Она уже ждала его там. Худенькая женщина небольшого роста, одетая в традиционную для Суны длинную одежду и светлый шелковый шарф, который она использовала в качестве капюшона. Как всегда держит на руках младенца.

- Гаара, – произнесла она каким-то совсем неживым голосом.

- Это я, – юноша опустил голову, подойдя к женщине вплотную, пытаясь прочитать хоть что-то в стеклянных синих глазах.

- Его будут звать Гаара. Самовлюбленный демон. И возлюбит же он только себя, и сражается только за себя. И пусть это станет смыслом его существования. Такова моя воля. Будь проклята Суна! Будь она проклята его существованием!

Ребенок на ее руках истошно закричал, протягивая к матери руки, которые на глазах рассыпались, превращаясь в песок, который ветром разносило по всей пустыне.

- Почему? – сорвалось с его губ. – За что ты так со мной? Я был не виноват. Я даже не родился.

Женщина продолжала смотреть, как остатки песка высыпаются из легкого покрывала, в котором она держала младенца.

- Ответь мне, – Гаара протянул руку, пытаясь коснуться ее плеча, но получил в ответ только мимолетный полный ненависти взгляд, и она тоже начала осыпаться песком. – Мама… – произнес он беззвучно, потому что в горле стоял болезненный истеричный комок.

В огромном зале с высоким потолком, где было темно и жарко, как в пустыне, которую он только что покинул, он увидел знакомую железную решетку, на замке которой была такая же печать, как та, что красовалась на его животе. Шукаку был явно в приподнятом настроении и то и дело лупил по клетке песочным хвостом.

- Развлекаешься? – зло прошипел Гаара, подходя ближе.

- Вот и ты, мой блистательный! – тануки прыгал на всех четырех лапах. – Как тебе наше сегодняшнее кинематографическое путешествие?
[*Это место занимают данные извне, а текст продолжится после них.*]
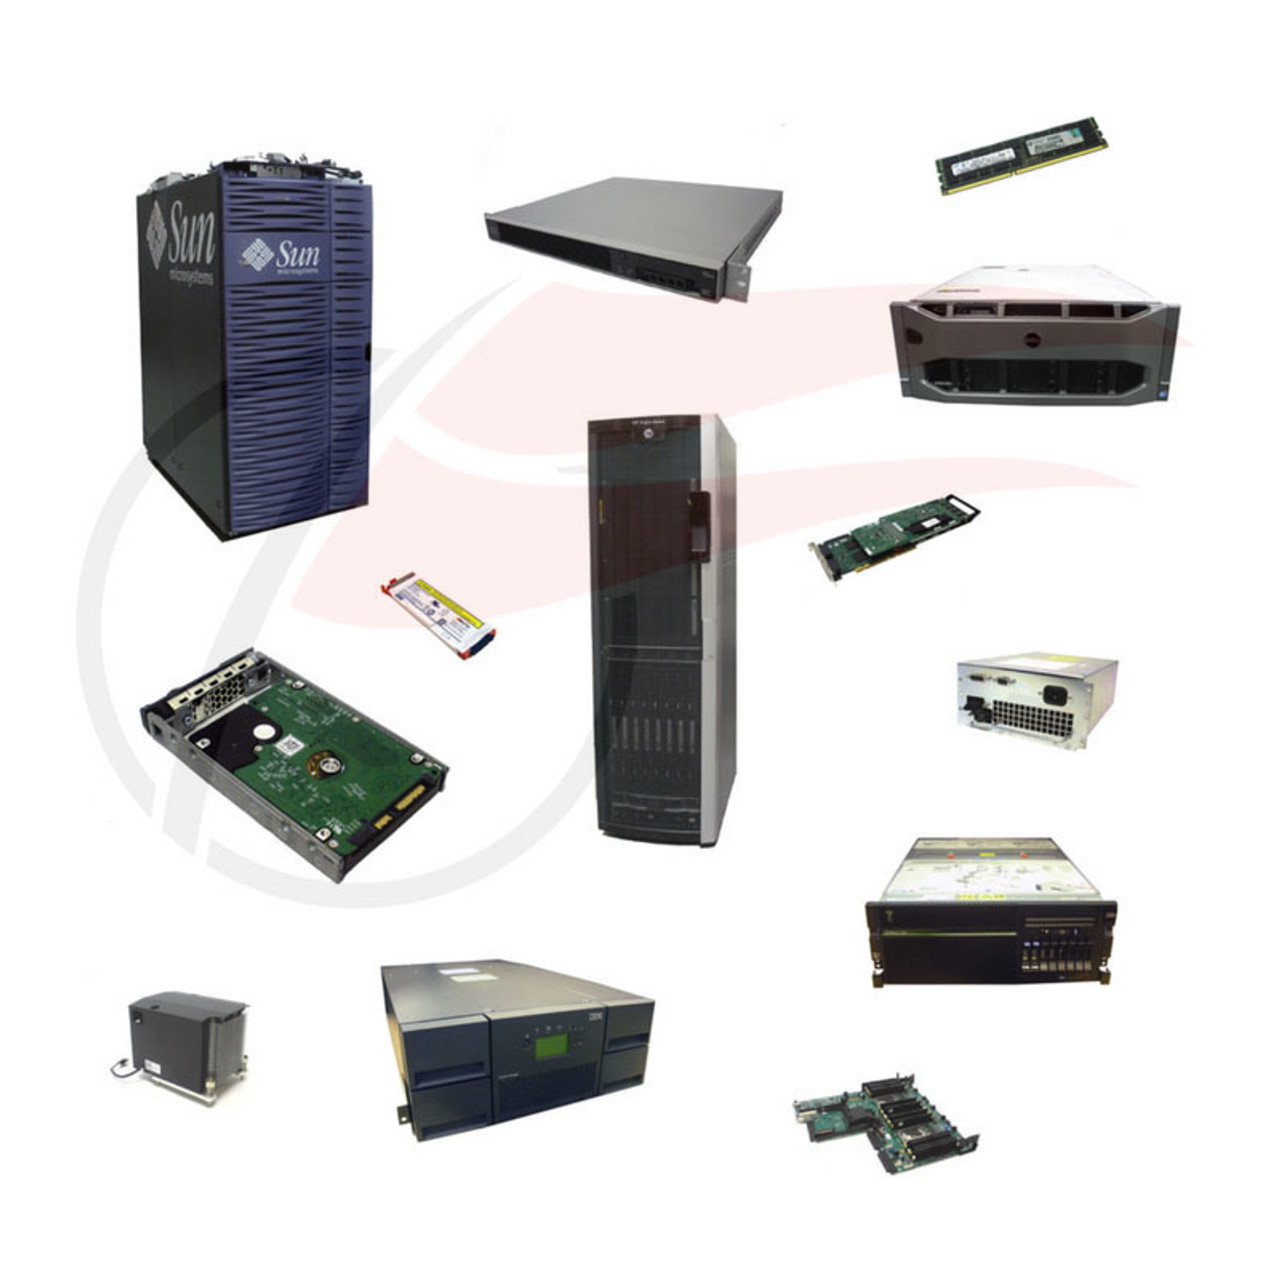 Dell PowerEdge 6850 Spare Parts

Мы старались изо всех сил!

- Волшебно, – съязвил Джинчуурики.

- Наконец-то хоть какое-то веселье. А то давно ты не заглядывал в свой «внутренний мир». Мы уже заскучали, – пропел Однохвостый.
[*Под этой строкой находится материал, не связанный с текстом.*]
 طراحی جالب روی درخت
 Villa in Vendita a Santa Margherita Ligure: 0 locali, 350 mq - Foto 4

- А я-то как соскучился, не передать. – Гаара прищурил глаза, пытаясь заглянуть вглубь клетки, откуда доносился подозрительный шорох и шелест песка. – Что у тебя там происходит?
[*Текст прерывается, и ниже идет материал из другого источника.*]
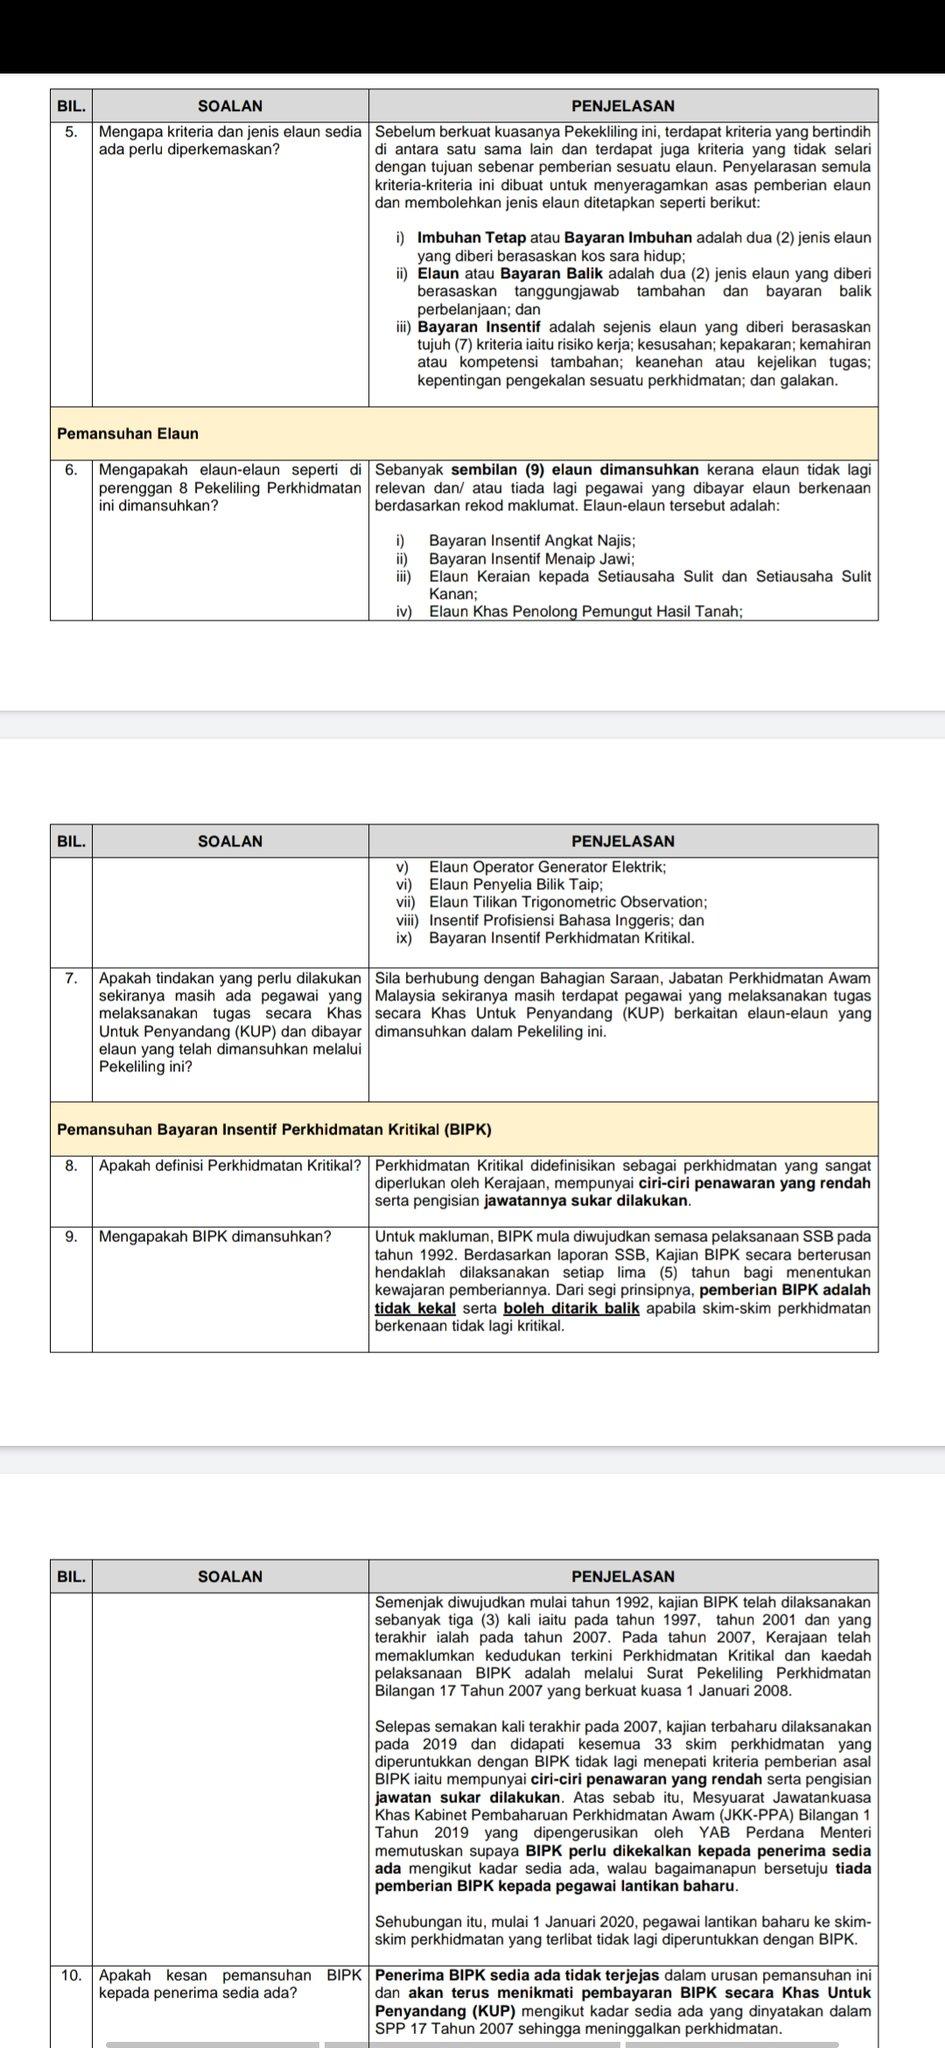 Pdf Kos Sara Hidup Tinggi Cabaran Dan Saranan Dr Khairul Hamimah Binti Mohammad Jodi Staff Academia Edu

- Вот ты сейчас первый начинаешь, мой блистательный! Не надо на нас оттачивать свои замашки Кадзекагэ, – обиженно протянул Шукаку. – Своими секретарями командовать будешь, а не нами.

- Отставить истерику, – ответил юноша, складывая руки на груди. – Повторяю для особо непонятливых енотов: ответил мне, что ты там делаешь.

- Эта девочка выглядит вкусненько, – пробурчал тануки.